◆ The task:
Since the pictures are not wanted, copy only the text of every record exactly.

━━━

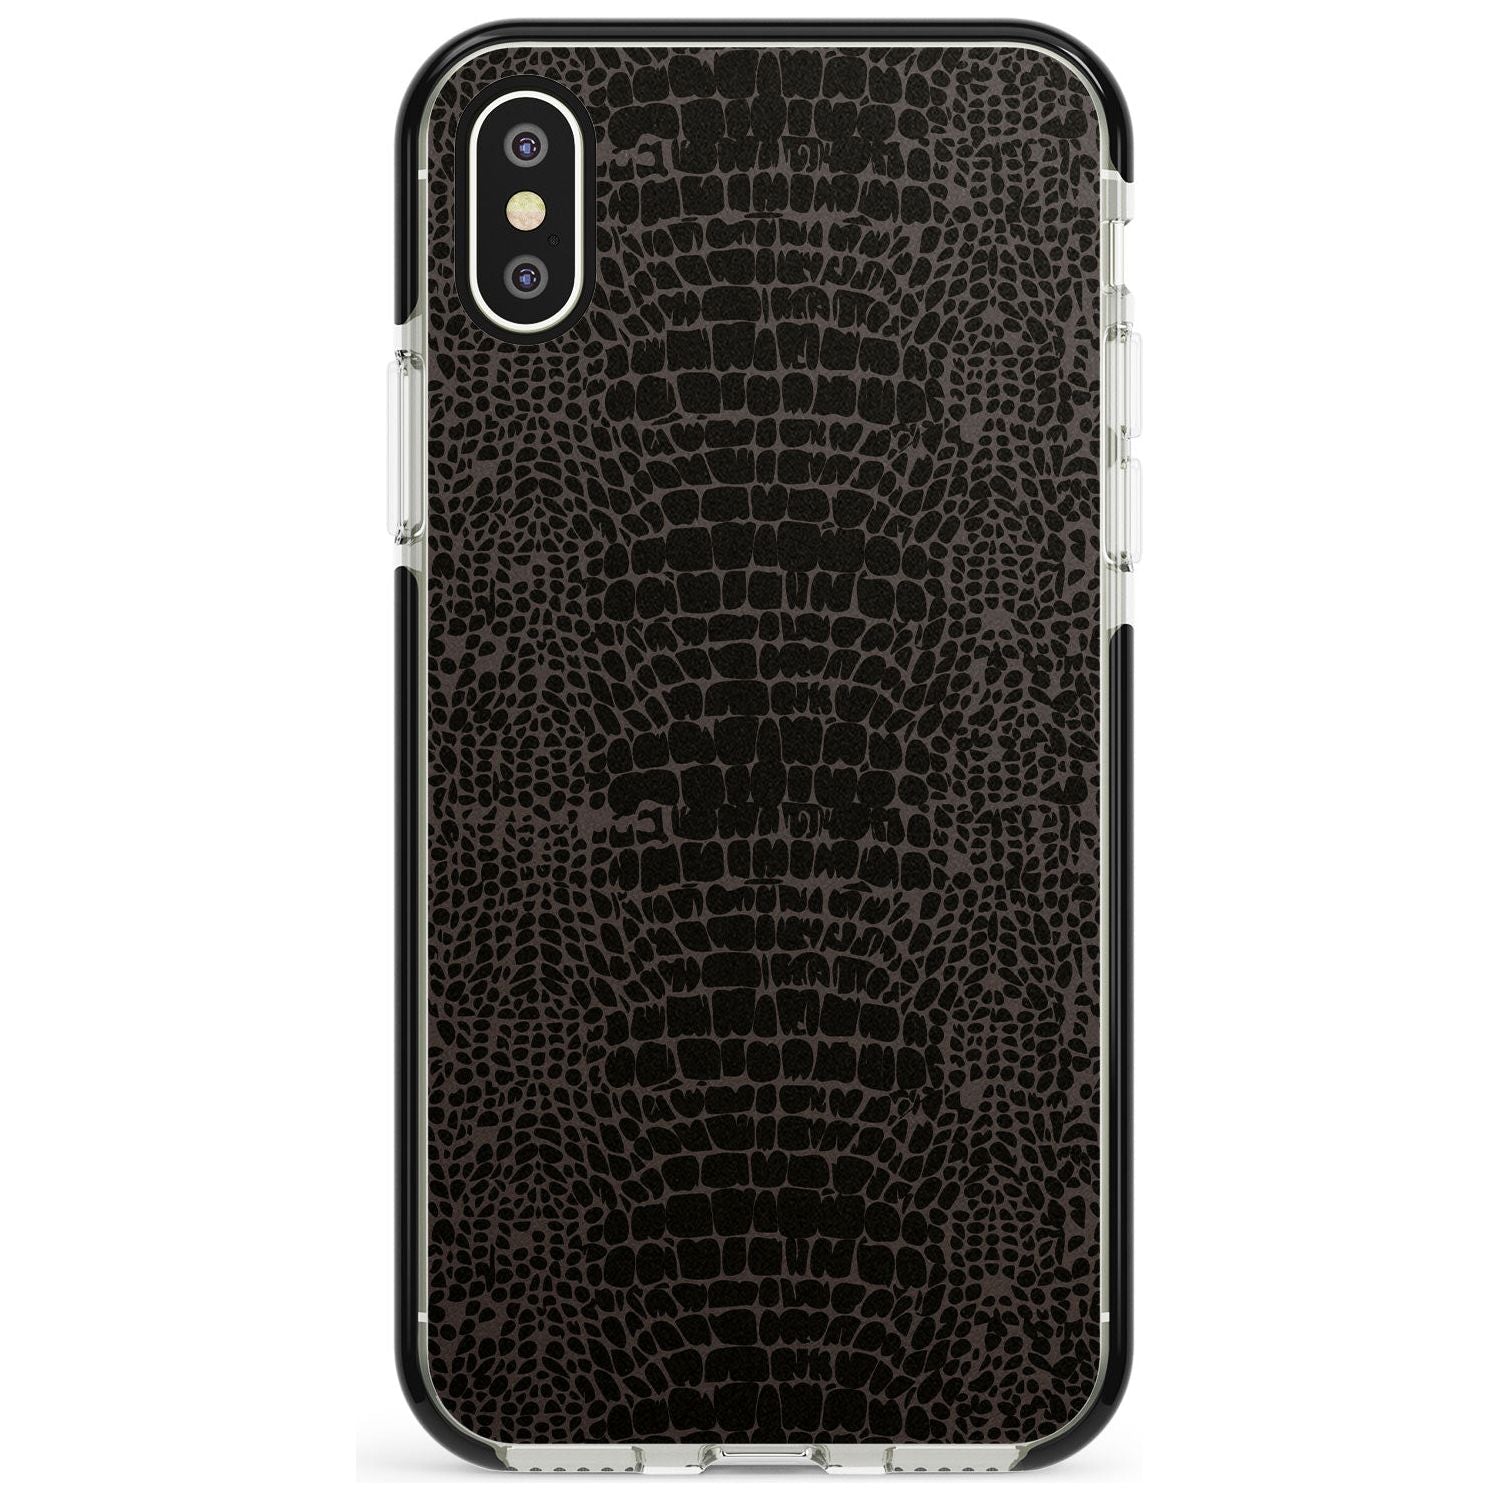 Dark Animal Print Pattern Snake Skin Black Impact Phone Case for iPhone X XS Max XR
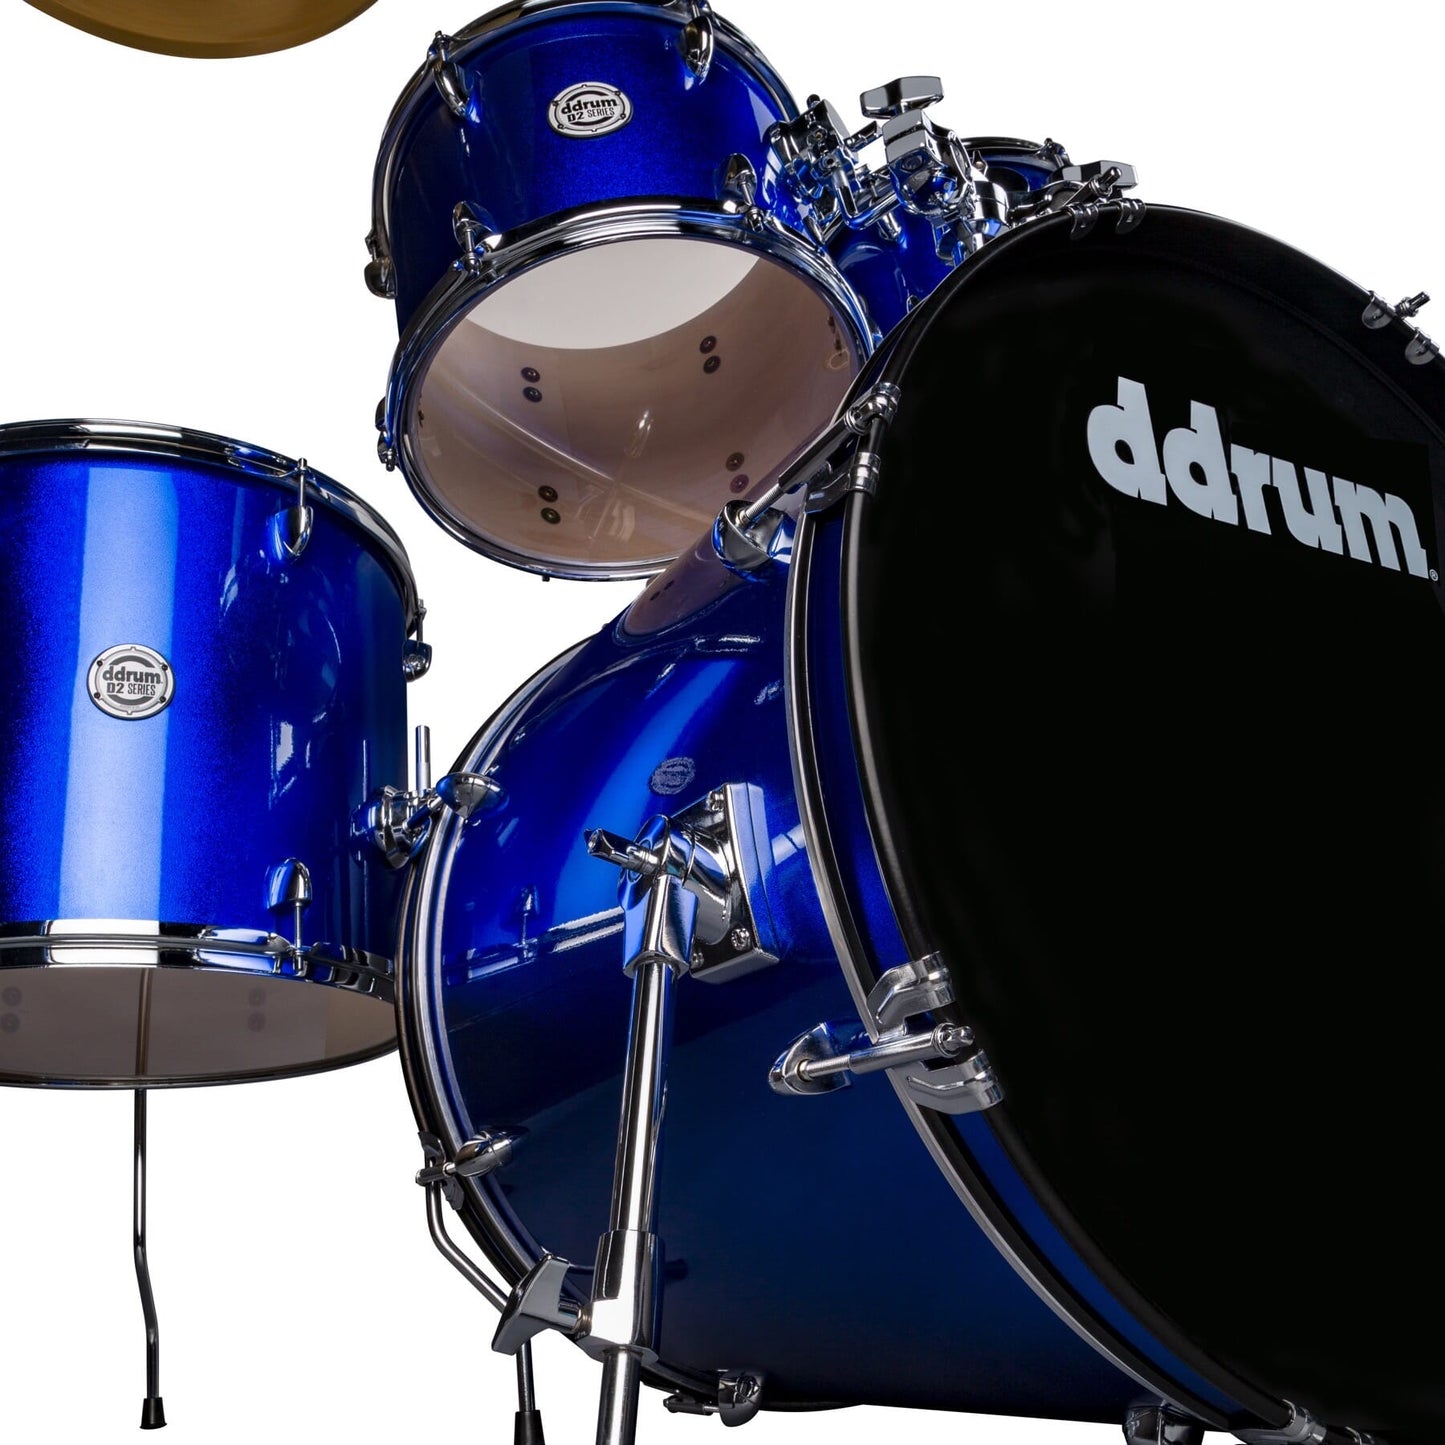 ddrum D2 522 5-Piece Complete Drum Set in Cobalt Blue
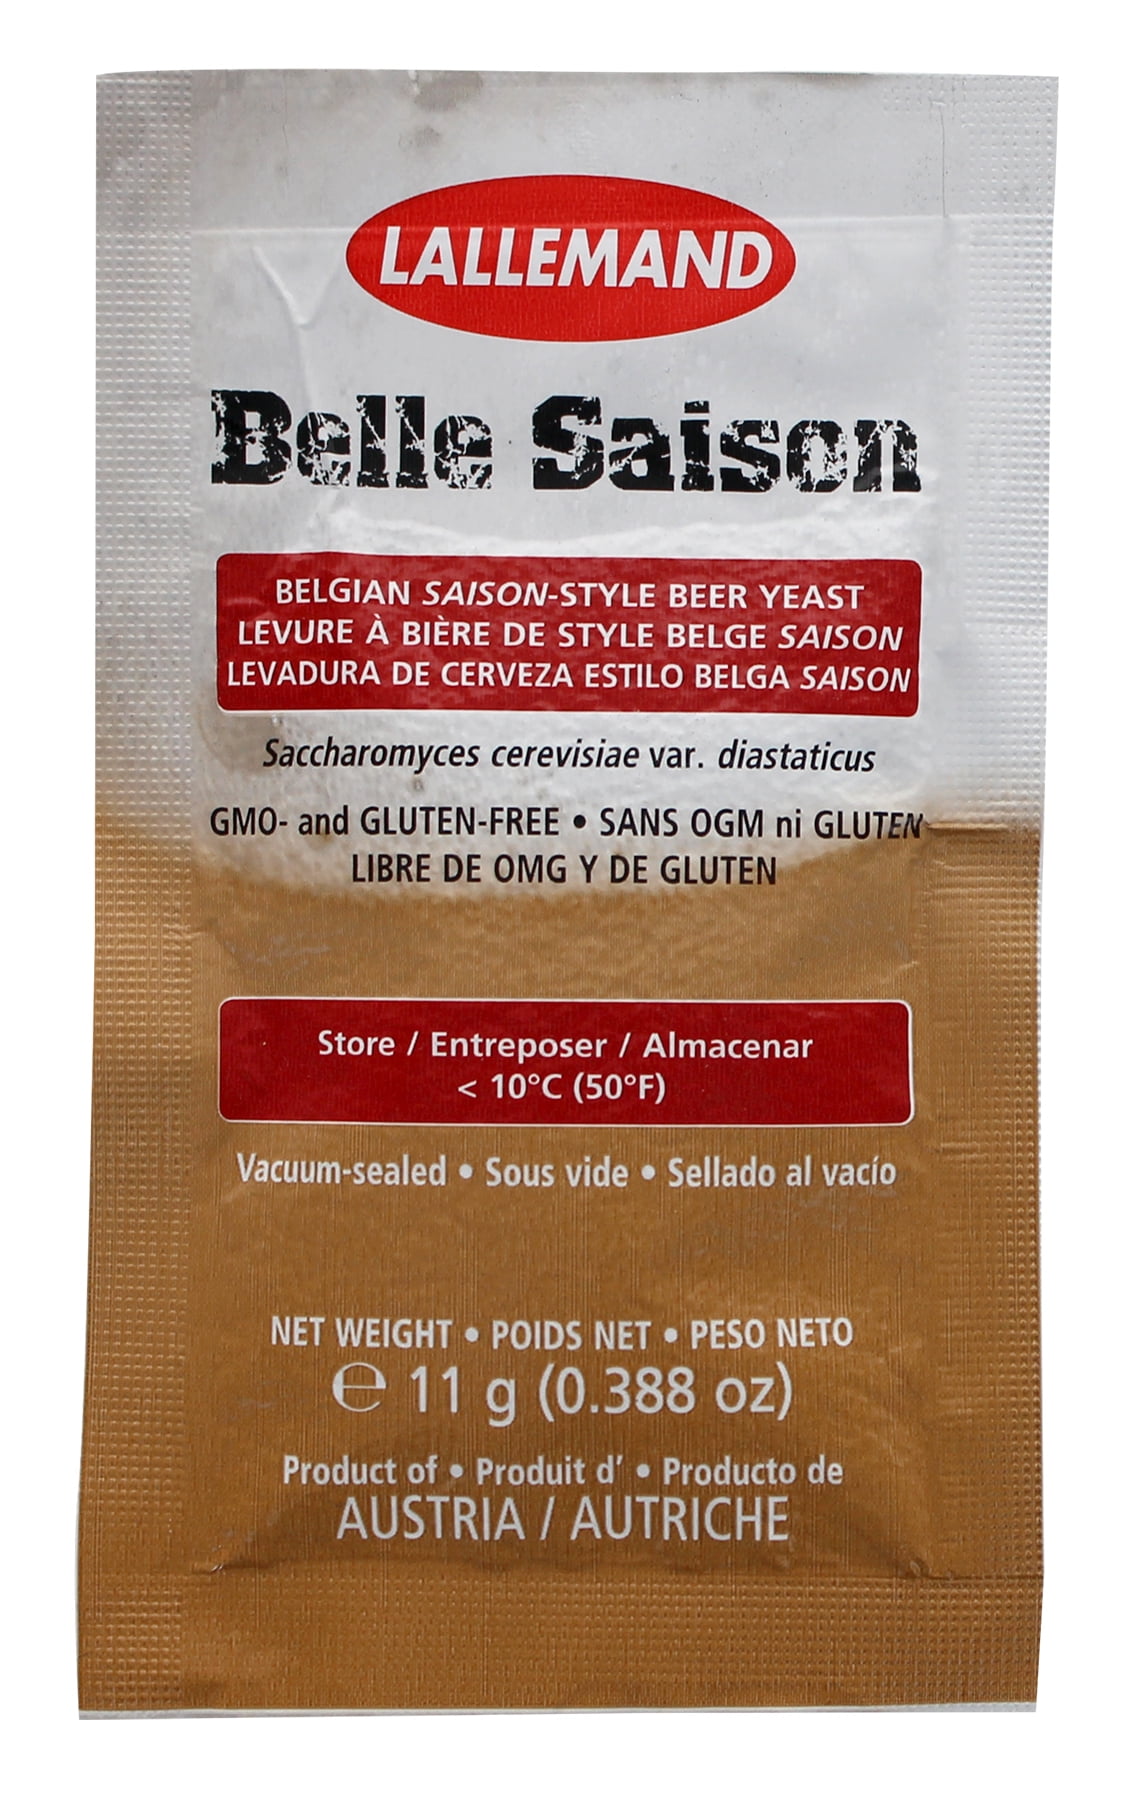 Lallemand Danstar Belle Saison Belgian-Style Ale Brewing Beer Yeast 11g Packet 
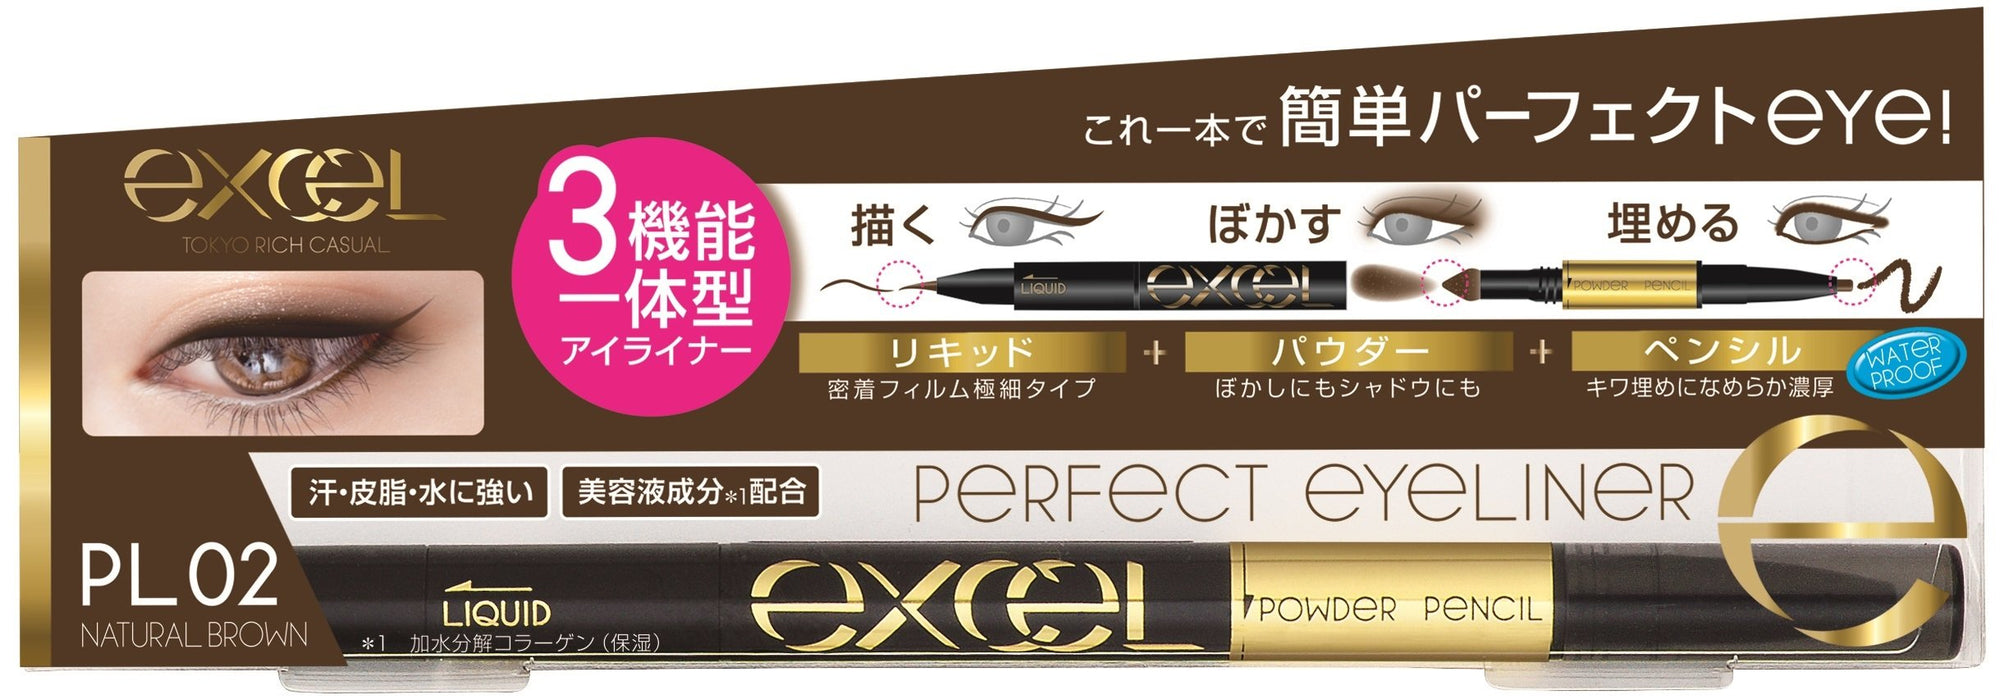 Excel Perfect Natural Brown Eyeliner Npl02 - Excel Makeup Brand
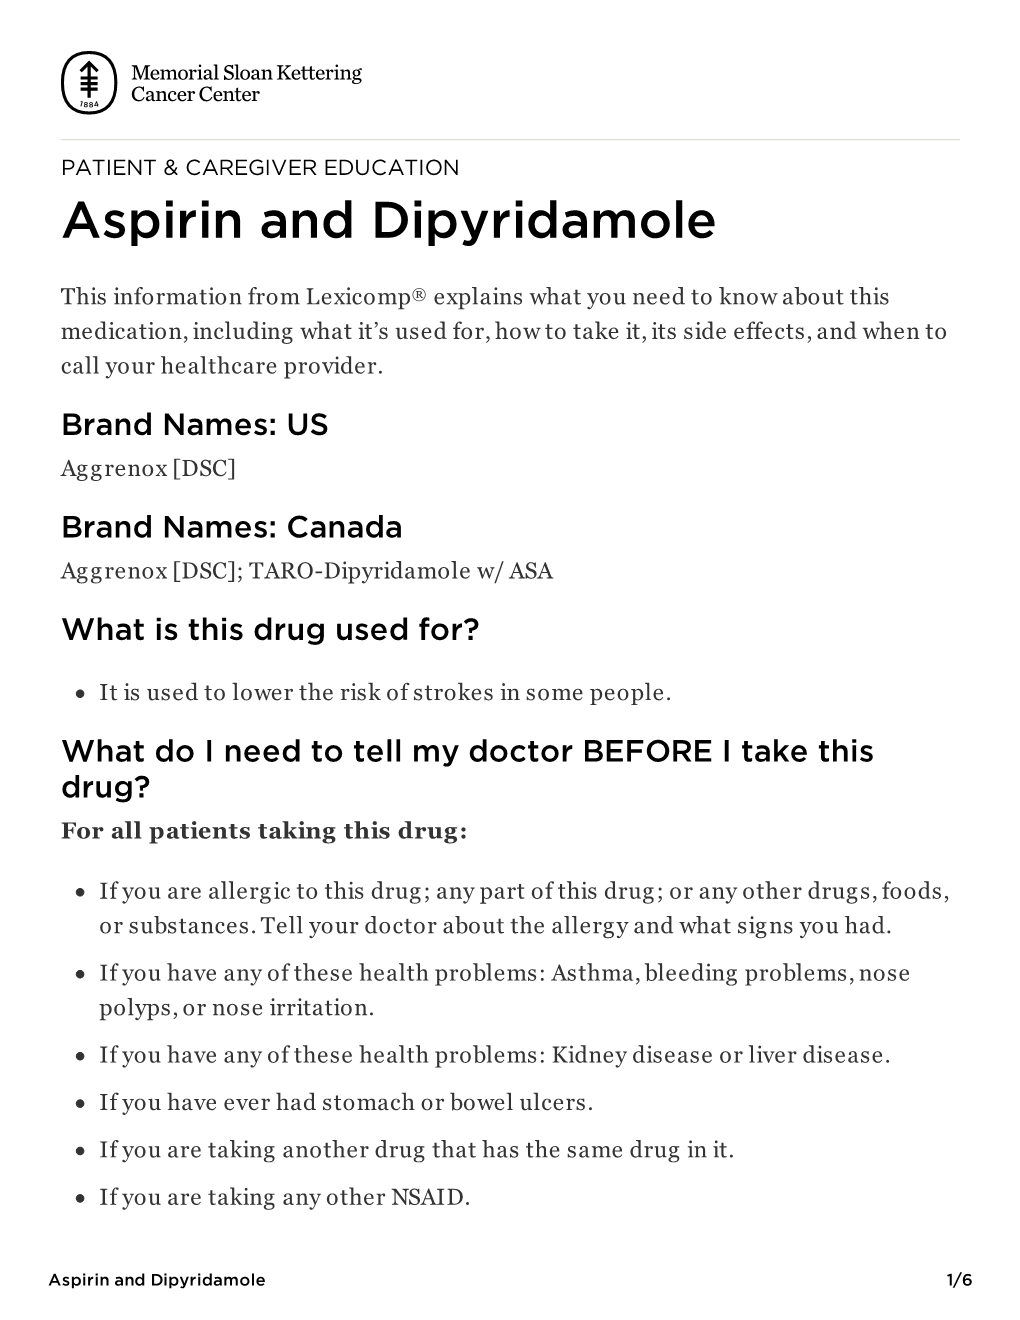 Aspirin and Dipyridamole

━━━

◆ Output of the exercise:
 Dark Animal Print Pattern Snake Skin Black Impact Phone Case for iPhone X XS Max XR
 ddrum D2 522 5-Piece Complete Drum Set in Cobalt Blue
 Lallemand Danstar Belle Saison Belgian-Style Ale Brewing Beer Yeast 11g Packet 
 Excel Perfect Natural Brown Eyeliner Npl02 - Excel Makeup Brand
 Aspirin and Dipyridamole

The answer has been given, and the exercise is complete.